Los hijos miran donde quieren
A mi hijo, la tele, la publicidad y el famoseo no le han llamado la atención. Su atención ha sido atrapada por una cerveza a un desconocido. Un hecho insignificante, apenas perceptible en la oscuridad y el barullo de un partido
Intento escribir sobre lo que me llama, y que las portadas y los titulares, las conversaciones de corrillo, y los mentideros de la opinión vengan después. Siempre después, porque primero está lo que me llama la atención, y luego lo que me la secuestra. Y este fin de semana mi hijo me ha dado una pequeña lección: mientras los padres hacemos cosas, los hijos miran donde quieren.
Hemos hecho una excursión con un grupo de amigos a Navarredonda de Gredos, un lugar paradisíaco en medio de la Sierra de Gredos. Un valle verde regado por arroyos que inervan los bosques, pozas cristalinas, bloques de granito y una sensación alpina que sobrecoge el ánimo montañero. Un entorno ideal para cultivar la amistad, la educación y el alma.
A la vuelta en coche, mi hermana mayor que, como todas las hermanas mayores, tiene conmigo la amistad de los viejos conocidos, y el amor desapegado de las abuelas, se llevó a mi hijo mayor. Le preguntó qué le parecía que su padre «se saliese», que escribiese, diese charlas, publicase, y esas cosas que producen la admiración de los jóvenes adultos. Él le respondió que para él su padre «se salía», pero no por eso.

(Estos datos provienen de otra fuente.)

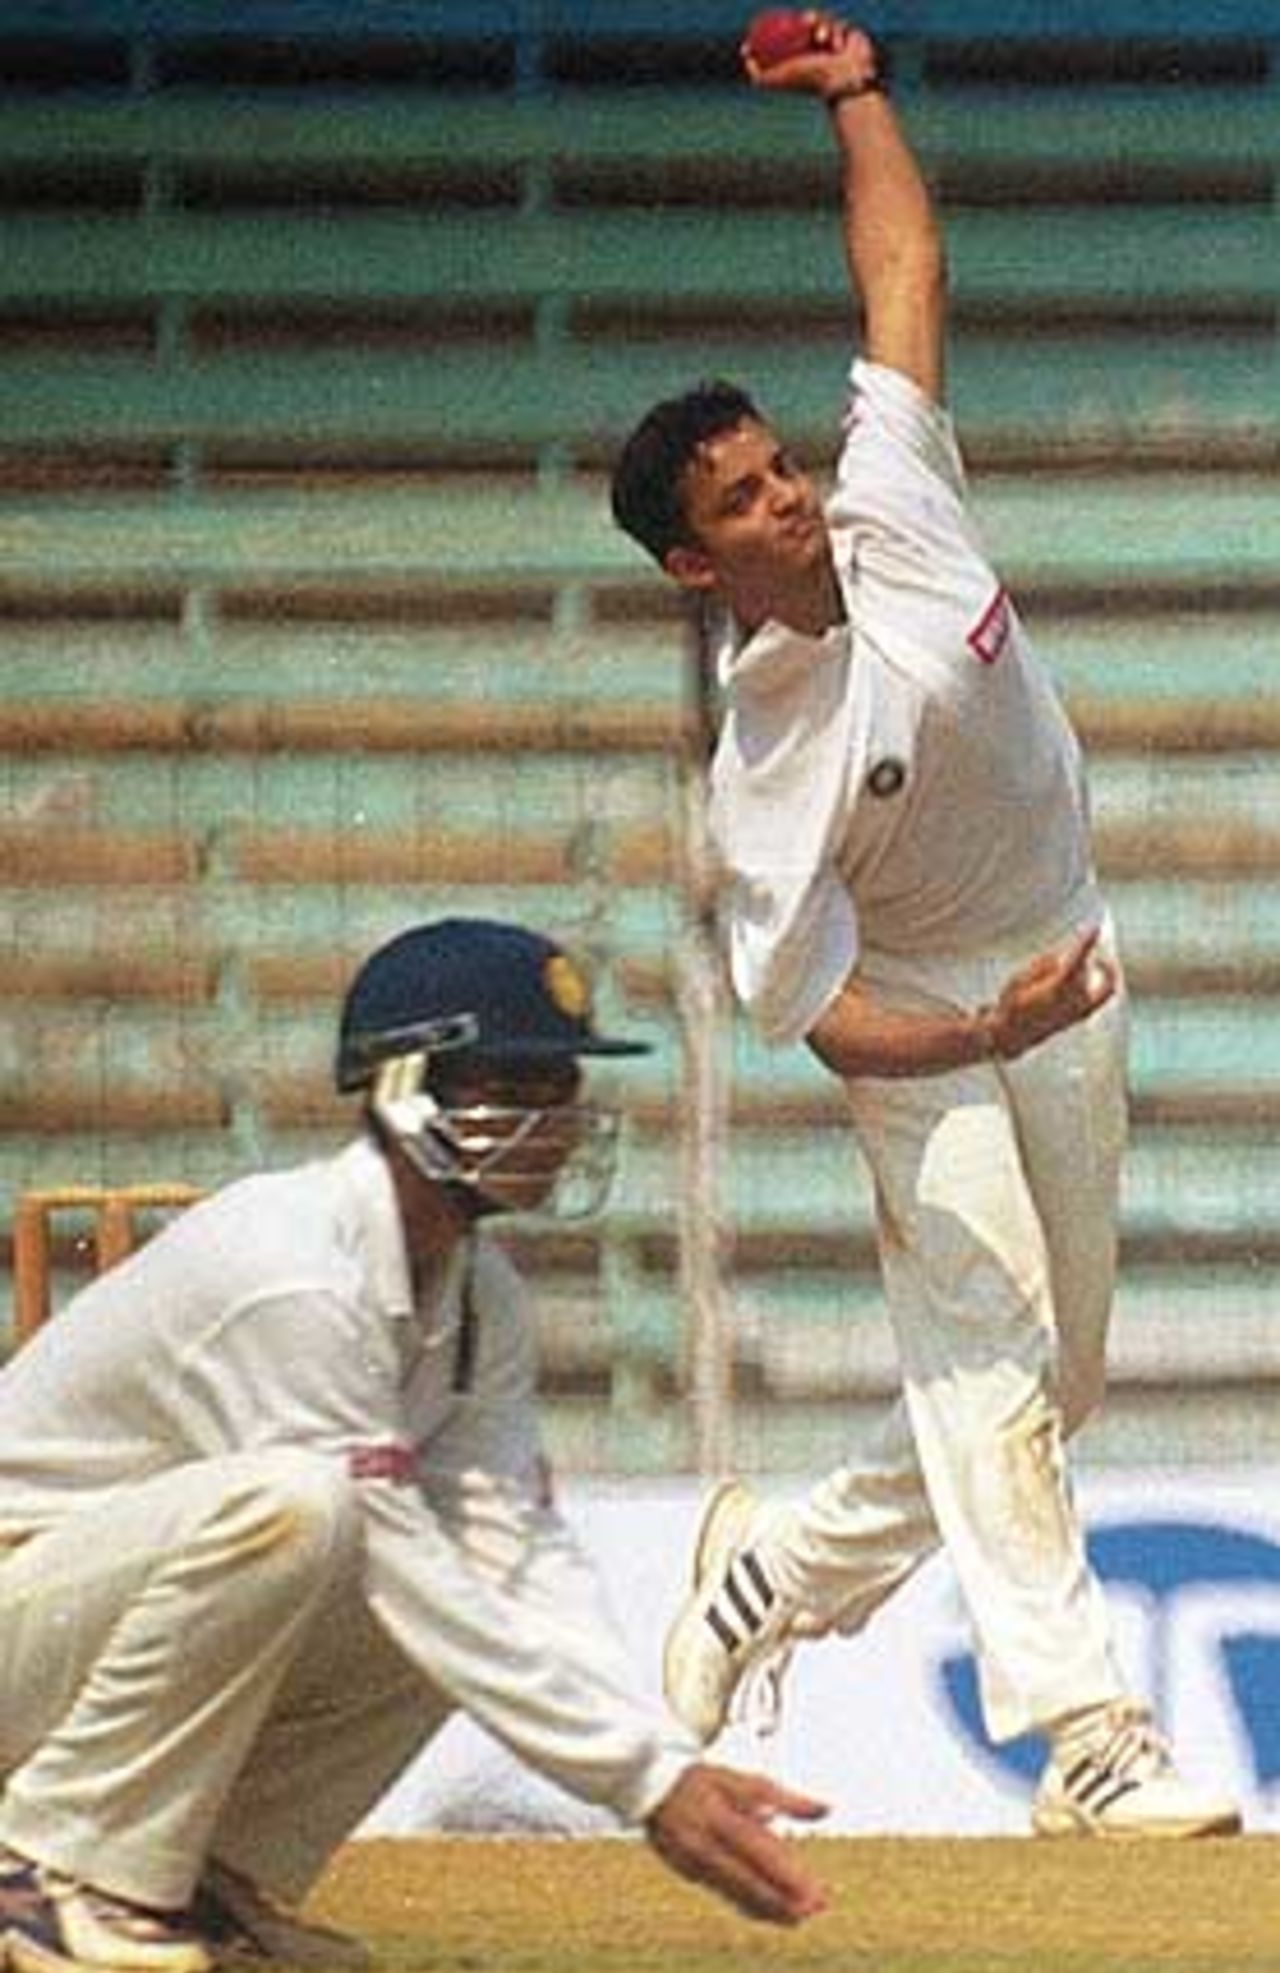 Murali Kartik in action at the Wankhede Stadium during the Irani Trophy, Irani Trophy, 2000/01, Mumbai v Rest of India, Wankhede Stadium, Mumbai, 13-17 October 2000 (Day 1).

Somos llamados, somos puestos en movimiento por algo que anda por ahí fuera y que nos interpela
Le contó que el día del partido nos pasamos un buen rato colocando sofás y sillas en el salón del albergue que habíamos reservado para poder ver el partido de final de la Champions. Lo habíamos dispuesto todo con mucho mimo y esfuerzo para poder estar a gusto nosotros, y nos fuimos a cenar.
Cuando volvimos, el mejor sitio lo había ocupado un desconocido. Mi hijo le decía a su tía que esto le había enfadado mucho y que tenía ganas de echarle. ¿Con qué permiso se había puesto en medio, en la butaca central, sin ni siquiera preguntar? Era un extraño y no tenía derecho. Y entonces va su padre, se acerca, y en lugar de pedirle que devuelva el sitio, le ofrece una de las cervezas que teníamos en el cubo con hielos.
A mi hijo, la tele, la publicidad y el famoseo, no le han llamado la atención. Su atención ha sido atrapada por una cerveza a un desconocido. Un hecho insignificante, apenas perceptible en la oscuridad y el barullo de un partido de fútbol. Nuestros hijos miran donde quieren, nos miran todo el rato.
La atención es caprichosa y se centra donde le viene en gana. «Llamar la atención» es una expresión densa e inteligente. La atención no tiene la iniciativa, es como el paciente en la sala de espera, que es llamado cuando llega su turno. «Me ha llamado la atención», decimos. Somos llamados, somos puestos en movimiento por algo que anda por ahí fuera y que nos interpela. Esfuérzate todo lo que quieras, pero antes, un instante antes, siempre hay algo que te llama.
Yo no me hubiese enterado de nada si mi hermana no le hubiese llevado en coche y no le hubiese hecho esa pregunta hiperbólica de hermana mayor. Me hubiese ido satisfecho de compartir con mis hijos a mis amigos, de enseñarles la belleza de la montaña, el valor del esfuerzo de subir una pendiente, el gozo de bañarse en aguas vírgenes y la alegría de estar en familia. Es lo que me toca como padre.
Pero en verdad, lo que queda en ellos no me pertenece, puede que ni lo vea. Ellos miran donde quieren, y lo que les queda es su secreto, su tesoro. Mi responsabilidad como padre es, primero, vivir, y luego, mostrar. La de ellos mirar donde les lleve su atención, porque la vida es llamada.